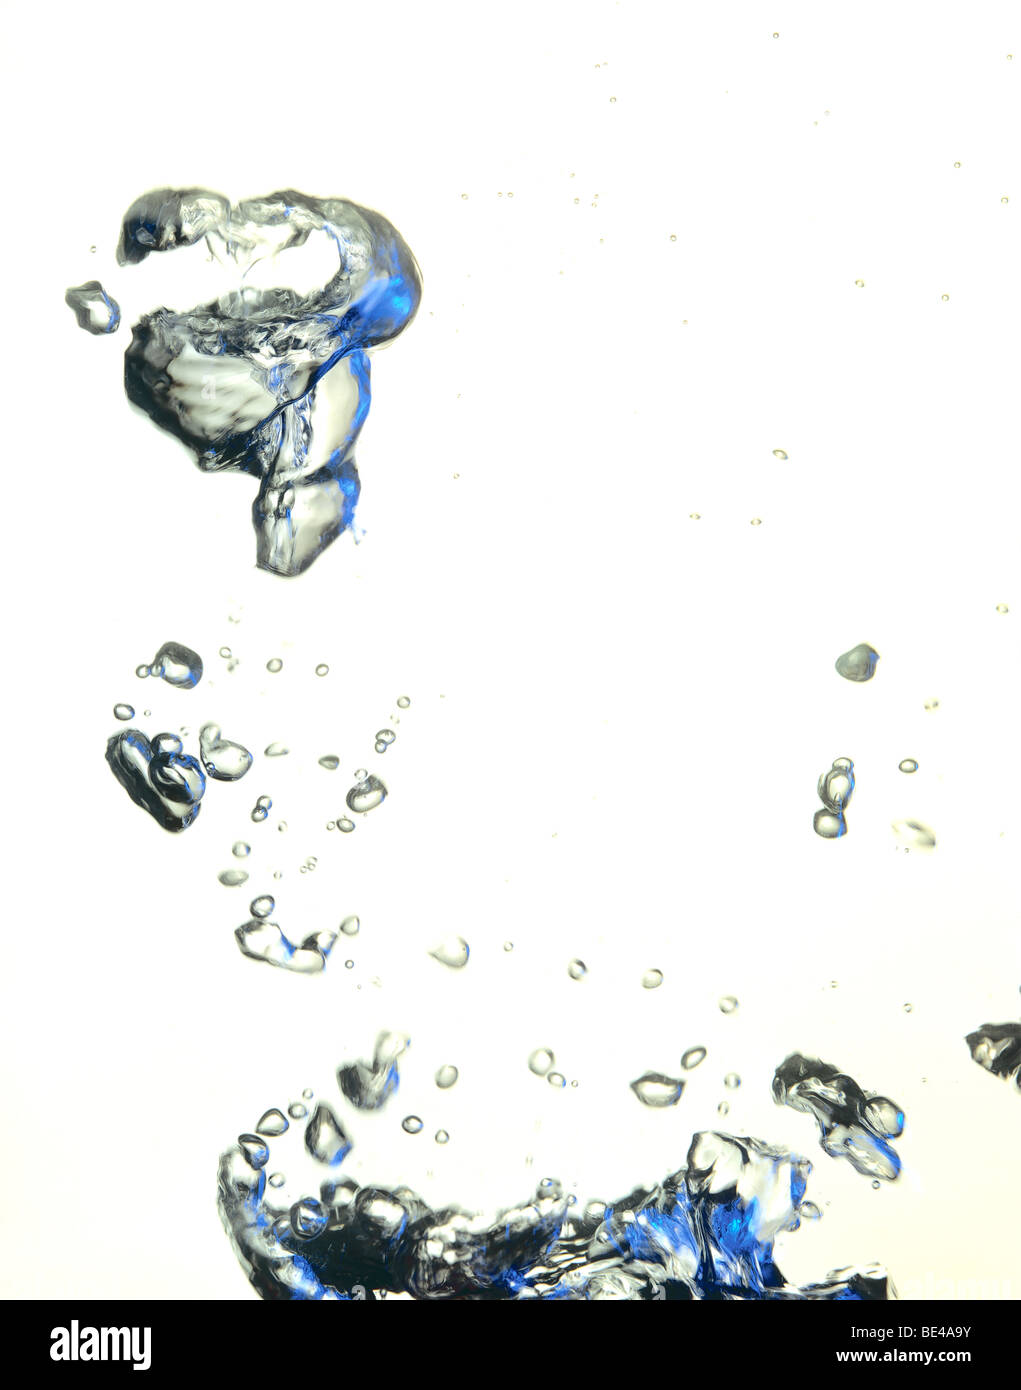 Immagine della chiusura del bolle di aria in acqua Foto Stock
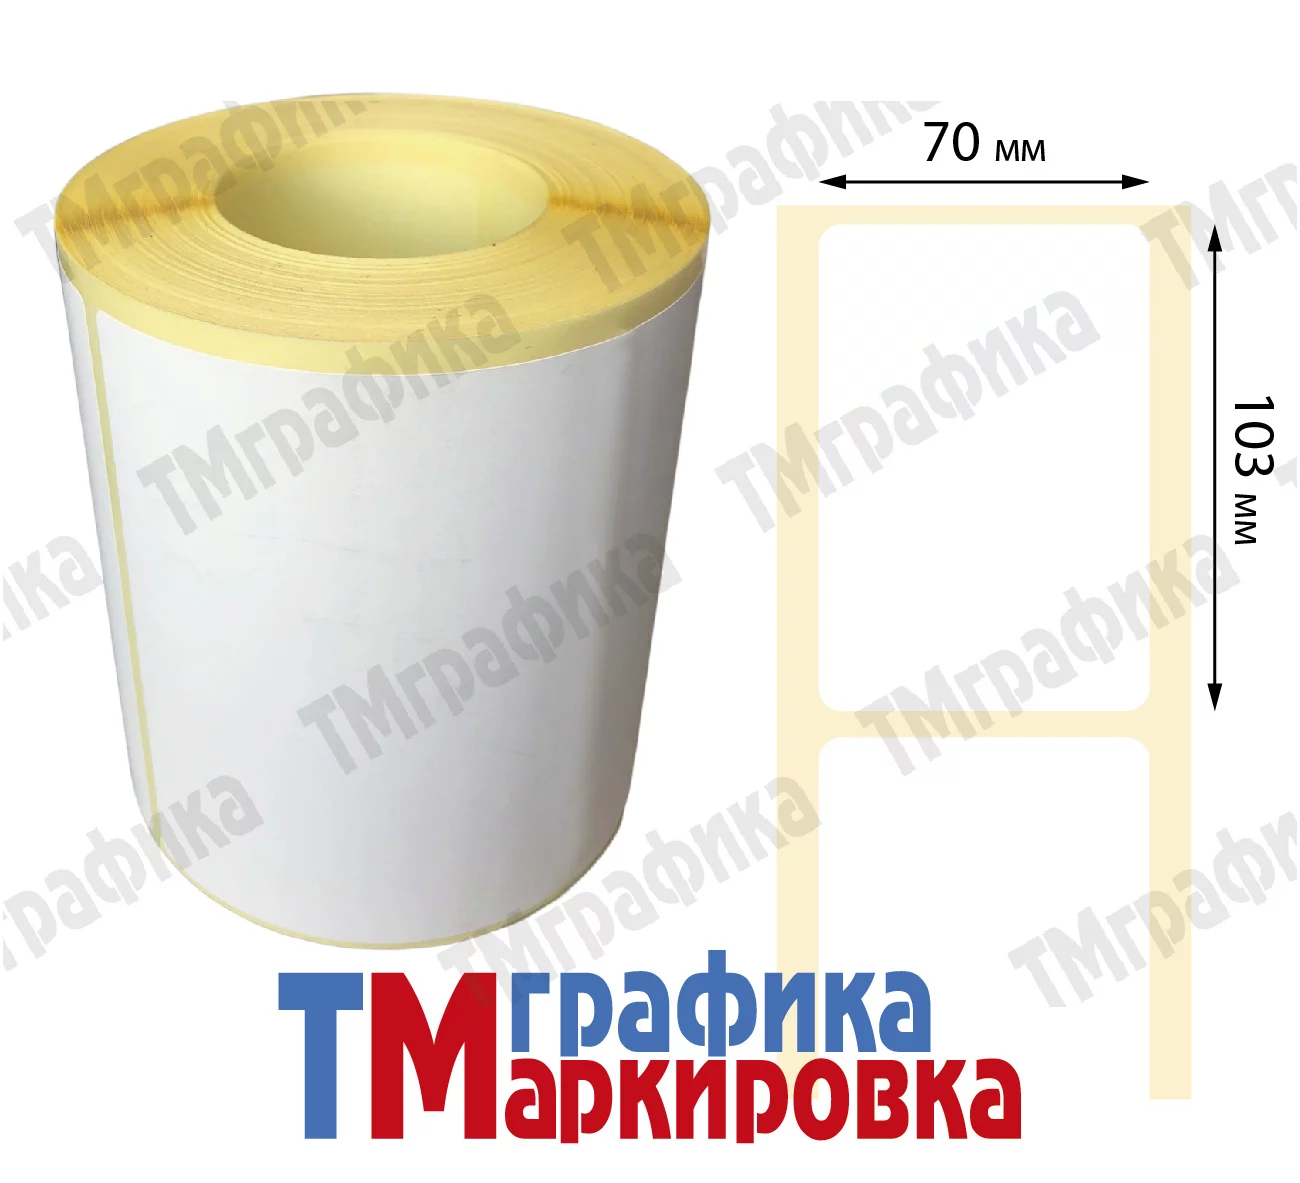 Термотрансферные этикетки в порошковом пропиленовом рулоне диаметром 40 мм 700 шт. распечатаны на принтере (слайды)
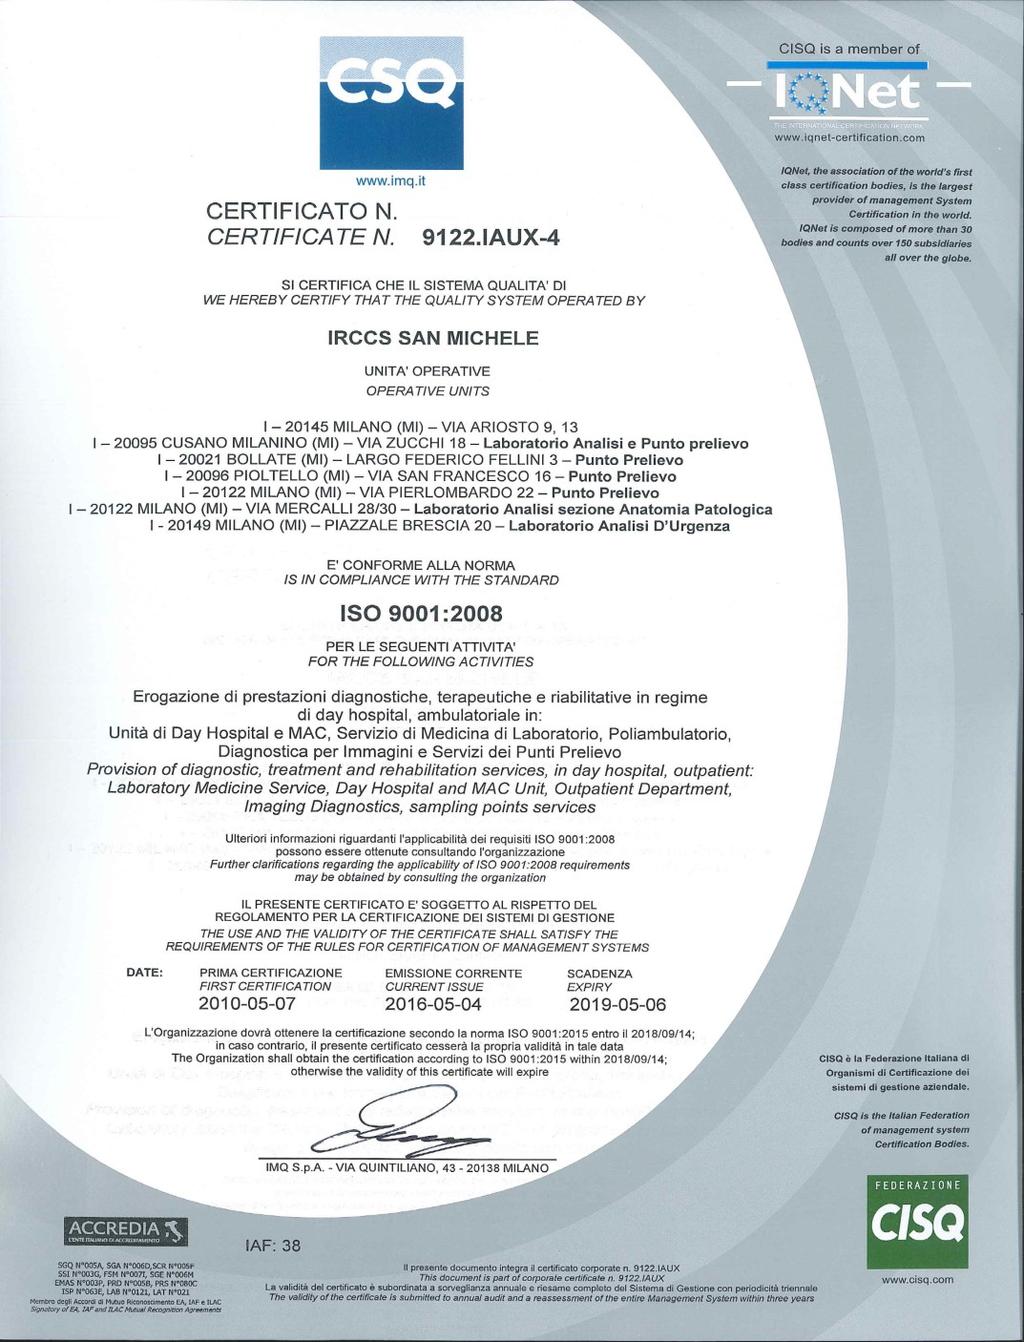 requisiti della norma UNI EN ISO 9001:2008.
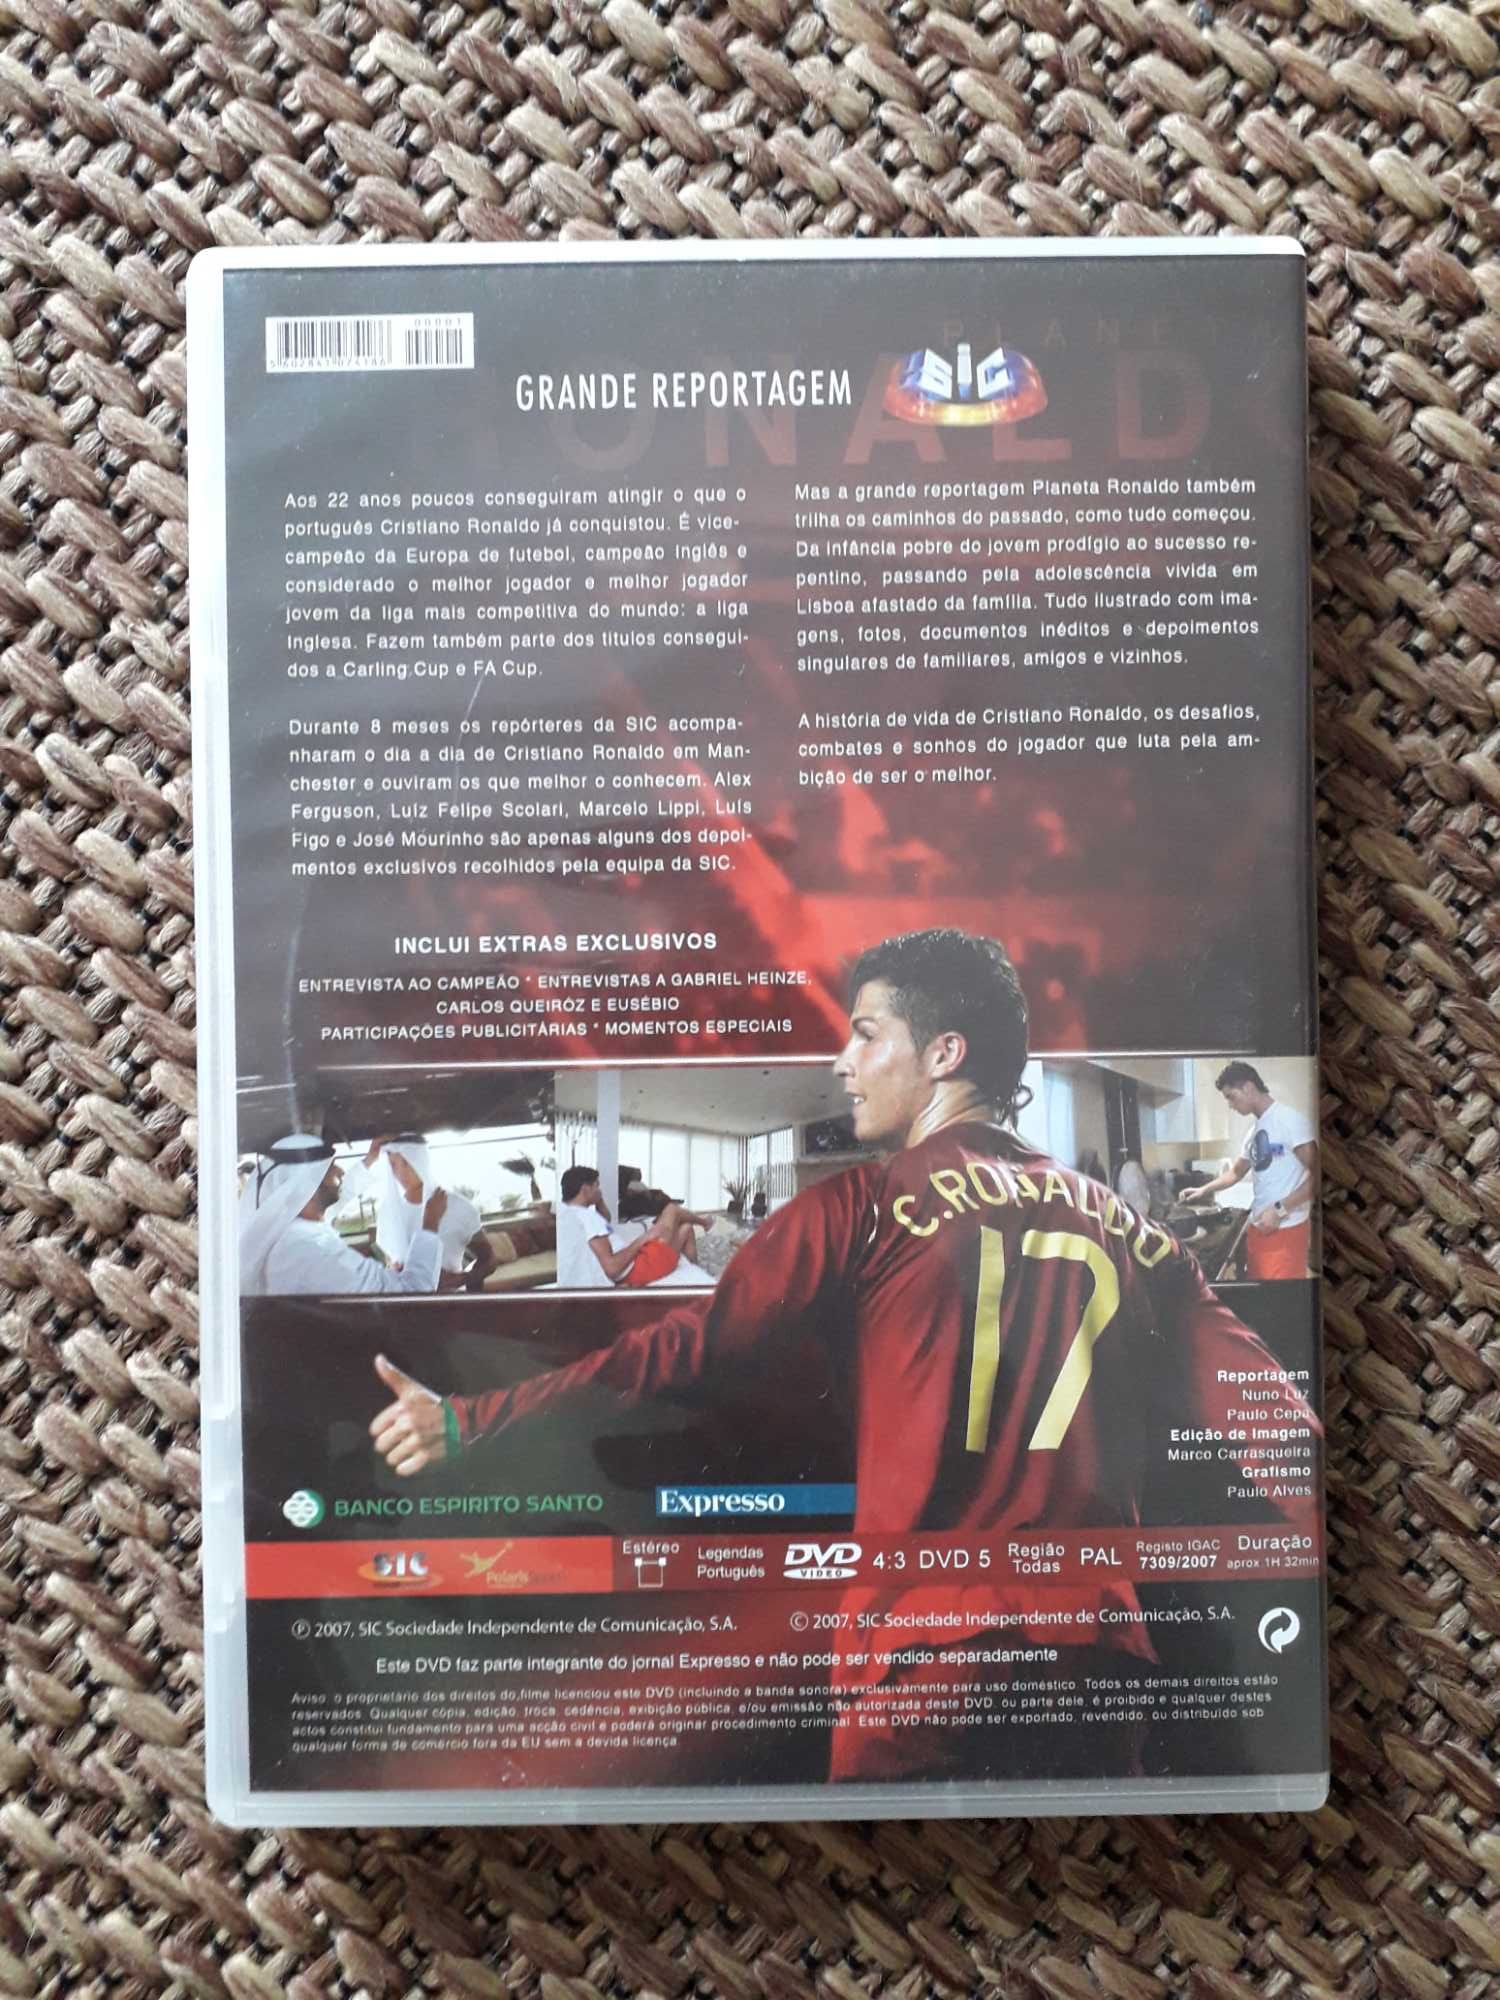 DVD "Planeta Ronaldo" com portes incluídos
········
Task: Transcribe, without alteration, each line from the one with "Термотрансферные этикетки в" through the last line of the data; no pictures belong in the copy.

Exercise response:
 Термотрансферные этикетки в порошковом пропиленовом рулоне диаметром 40 мм 700 шт. распечатаны на принтере (слайды)
 requisiti della norma UNI EN ISO 9001:2008.
 DVD "Planeta Ronaldo" com portes incluídos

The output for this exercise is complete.